These drugs can cause constriction of the bronchi and a decrease in the frequency of heart contractions, which makes them inaccessible to asthmatics and people with rhythm disturbances.

The most common drugs in this group are:

  • Celiprol- use from two hundred to four hundred milligrams, once a day;
  • Betacor, Lokren, Betak- are used in a dosage of five to forty milligrams, once a day;
  • Biprol, Concor, Coronal- are used in a dosage of three to twenty milligrams per day, at a time;
  • Egilok, Betalok, Corvitol- it is recommended to use from fifty to two hundred milligrams per day, you can break up the use of up to three doses per day;
  • Tenobene, Tenolol, Atenol- It is recommended to use from twenty-five to one hundred milligrams, up to two times a day.

What is special about calcium antagonists?

With the help of calcium, muscle fibers contract, including the walls of blood vessels. The mechanism of action of these drugs is that they reduce the penetration of calcium ions into vascular smooth muscle cells.

There is a decrease in the sensitivity of blood vessels to vasopressor drugs that cause vasoconstriction.

In addition to the positive effects, calcium antagonists can provoke a number of serious side effects.

This group of antihypertensive drugs is divided into three subgroups:

  • Dihydropyridines (Azomex, Zanidip, Felodip, Corinfar-retard, etc.). Helps effectively dilate blood vessels. They can provoke headaches, reddening of the skin in the facial area, accelerate the heart rate, swelling of the extremities;
  • Benzothiazepines (Aldizem, Diacordin, etc.). It is used in a dosage of one hundred twenty to four hundred and eighty milligrams, up to two times a day. May provoke a severe low heart rate, or blockade of the atrioventricular pathway;
  • Phenylalkylamines (Verapamil, Finoptin, Veratard)- it is recommended to use from one hundred twenty to four hundred and eighty milligrams per day. It can cause the same burdens as the previous subgroup.

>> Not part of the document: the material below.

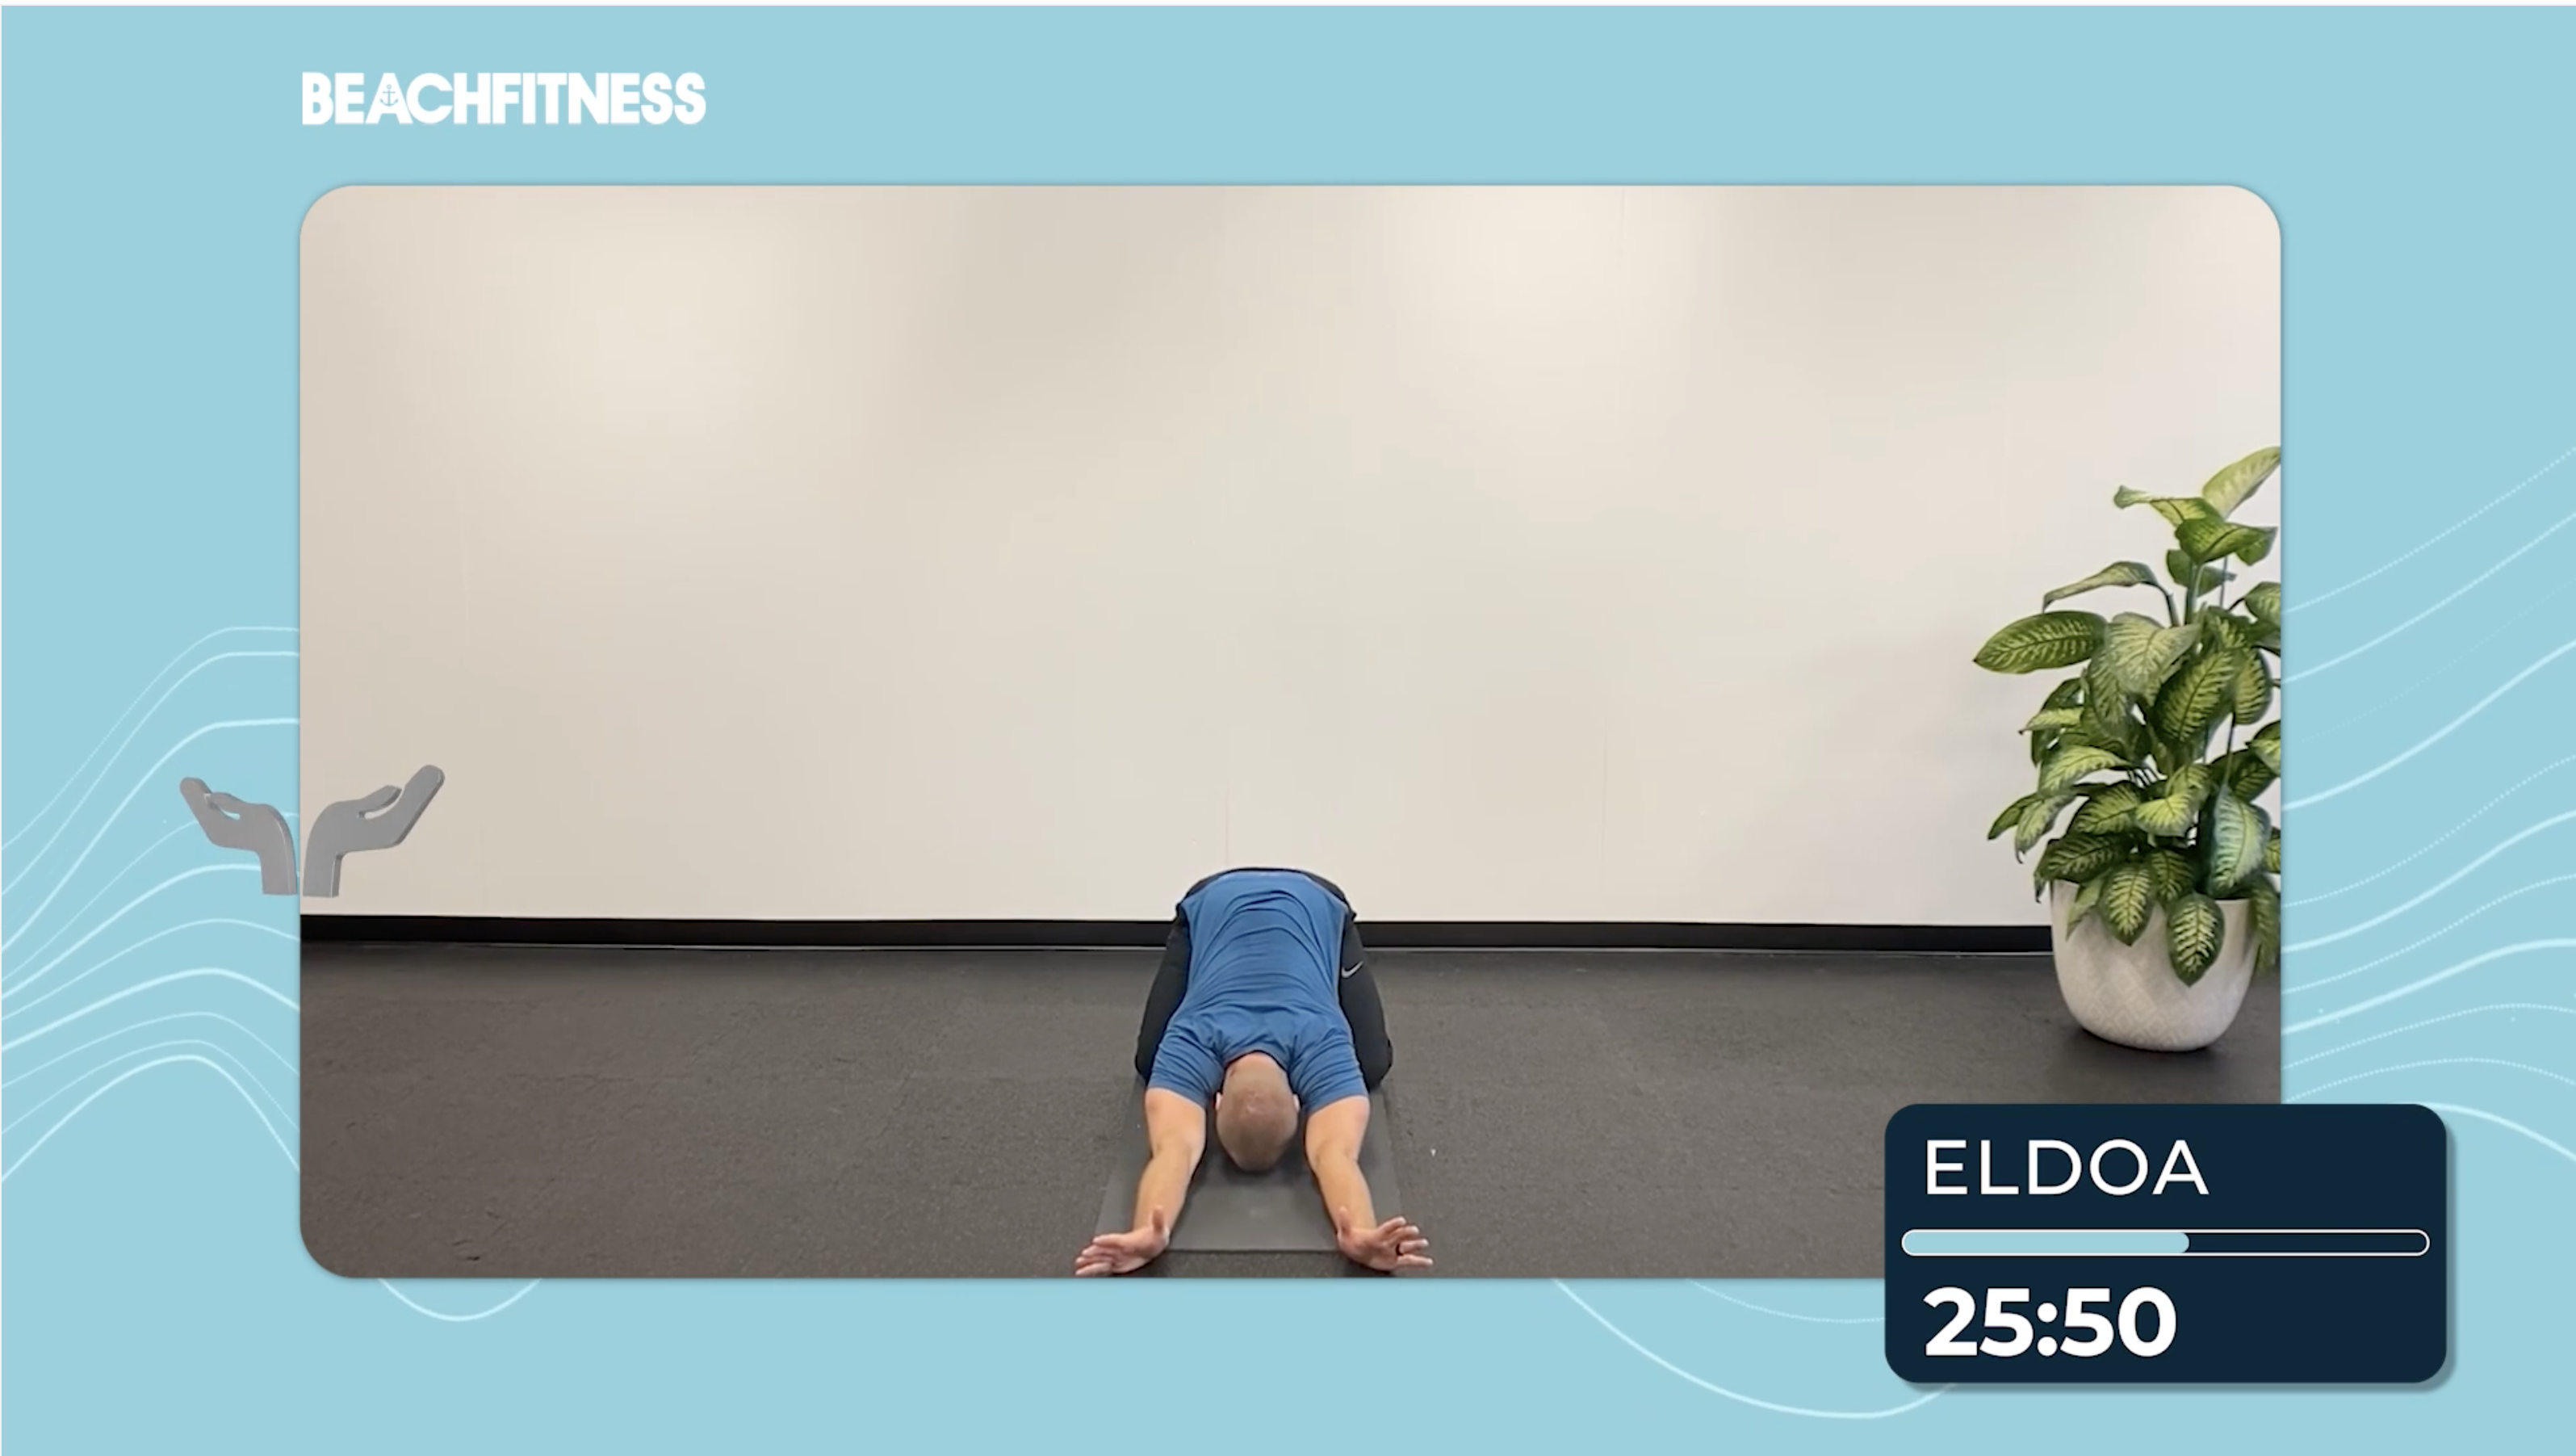 ELDOA | Full Body Flexibility
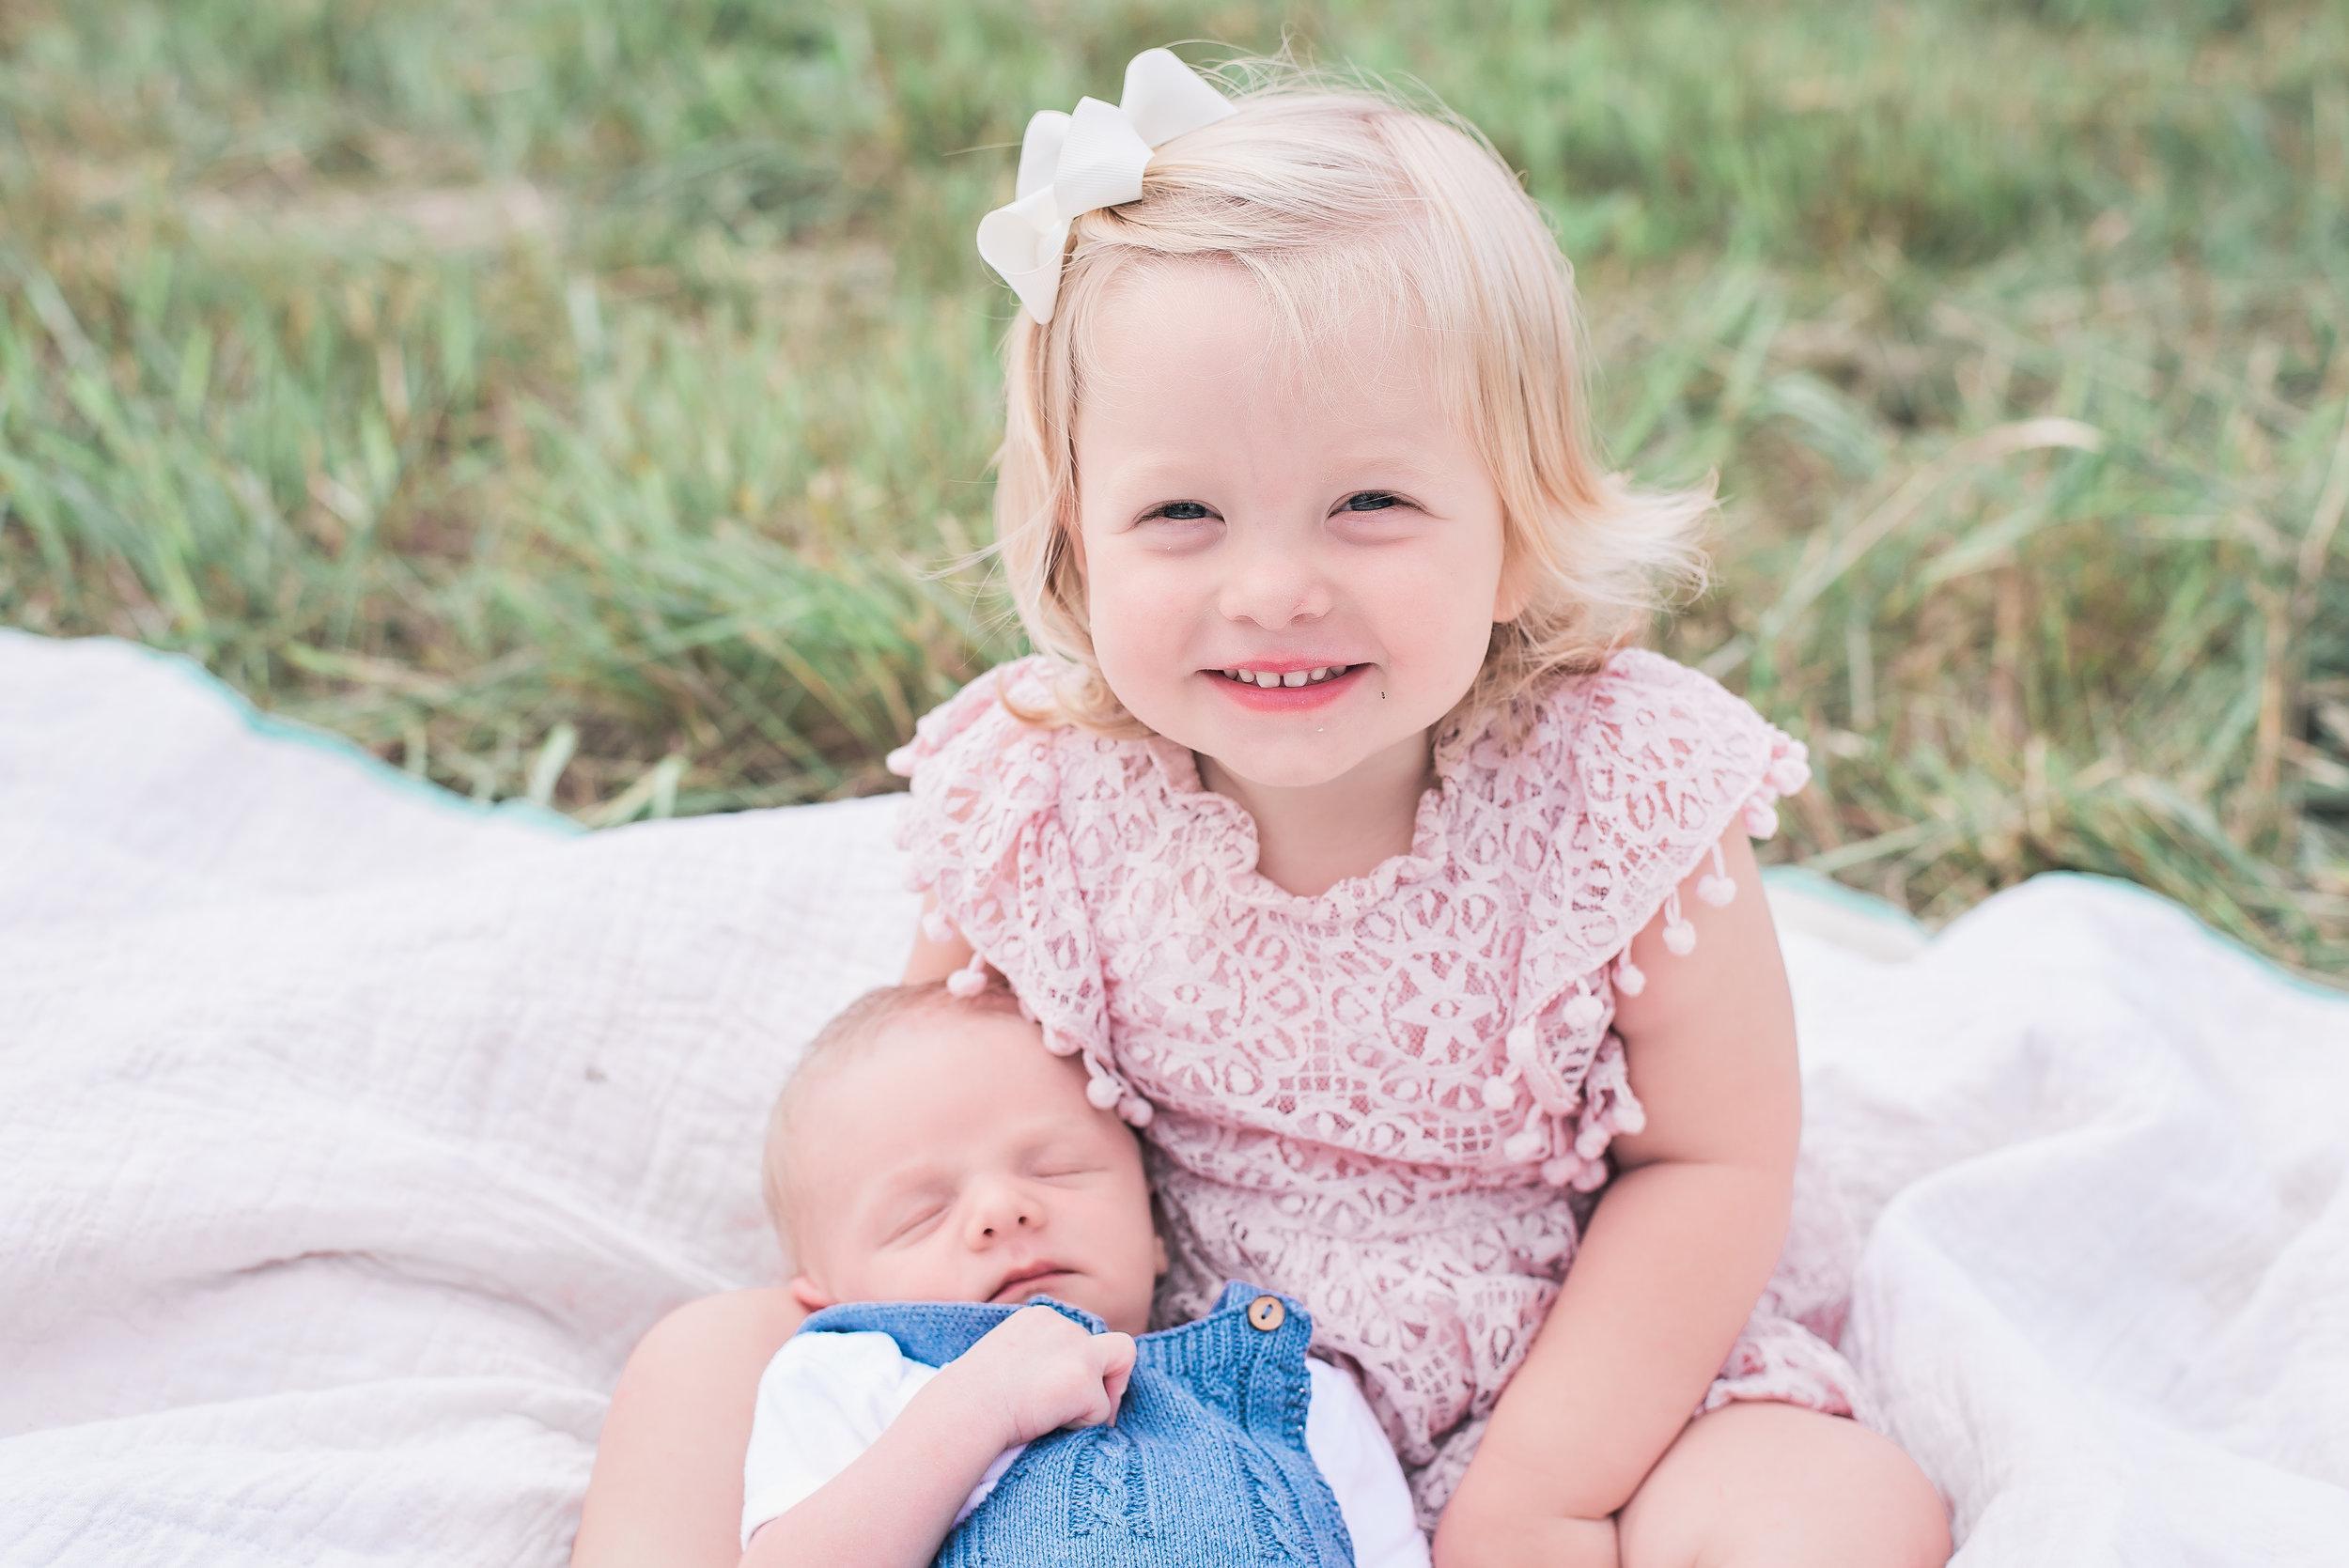 newborn sibling shot outdoors

How are hypertensive crises treated?

For the treatment of hypertension crises that occur without complications, it is recommended to lower the pressure not sharply, but gradually, over two days.

To achieve this effect, the following antihypertensive drugs are prescribed, in the form of tablets:

  • Captopril- used in a dosage of six to fifty milligrams, for resorption under the tongue. The action begins after twenty to sixty minutes from the moment of use;
  • Nifedipine- used orally, or for resorption under the tongue. When ingested, the effect occurs after twenty minutes, with resorption under the tongue - after five to ten minutes. It can provoke headaches, marked low blood pressure, accelerated heart rate, reddening of the skin in the facial area, as well as pain in the chest;
  • - it is recommended to use in a dosage of 0.8 to 2.4 mg for resorption under the tongue. Efficiency manifests itself after five to ten minutes;
  • Clonidine- is used orally in a dosage of 0.075 to 0.3 mg. The action comes after thirty to sixty minutes. May cause dry mouth and a state of calm and tranquility.

What are the traditional medicine with antihypertensive effect?

The above drugs have a persistent hypotensive effect, but require long-term use and constant monitoring of blood pressure.

Being wary of the progression of side effects, people, especially the elderly, tend to use traditional medicine.

Herbs that have a hypotensive effect can actually have a beneficial effect. Their effectiveness is aimed at vasodilation and sedative properties.

The most common traditional medicine are:

  • Motherwort;
  • Mint;
  • Valerian;
  • Hawthorn.

In the pharmacy, there are ready-made herbal preparations sold in the form of tea. Such teas contain a mix of various useful herbs, mixed in the required quantities, and have a favorable effective effect.

The most common herbal preparations are:

  • Monastery tea;
  • Traviata;
  • Tea Evalar Bio.

It is important to understand that traditional medicine can only be used as an additional therapy, but not used as an independent treatment for hypertension.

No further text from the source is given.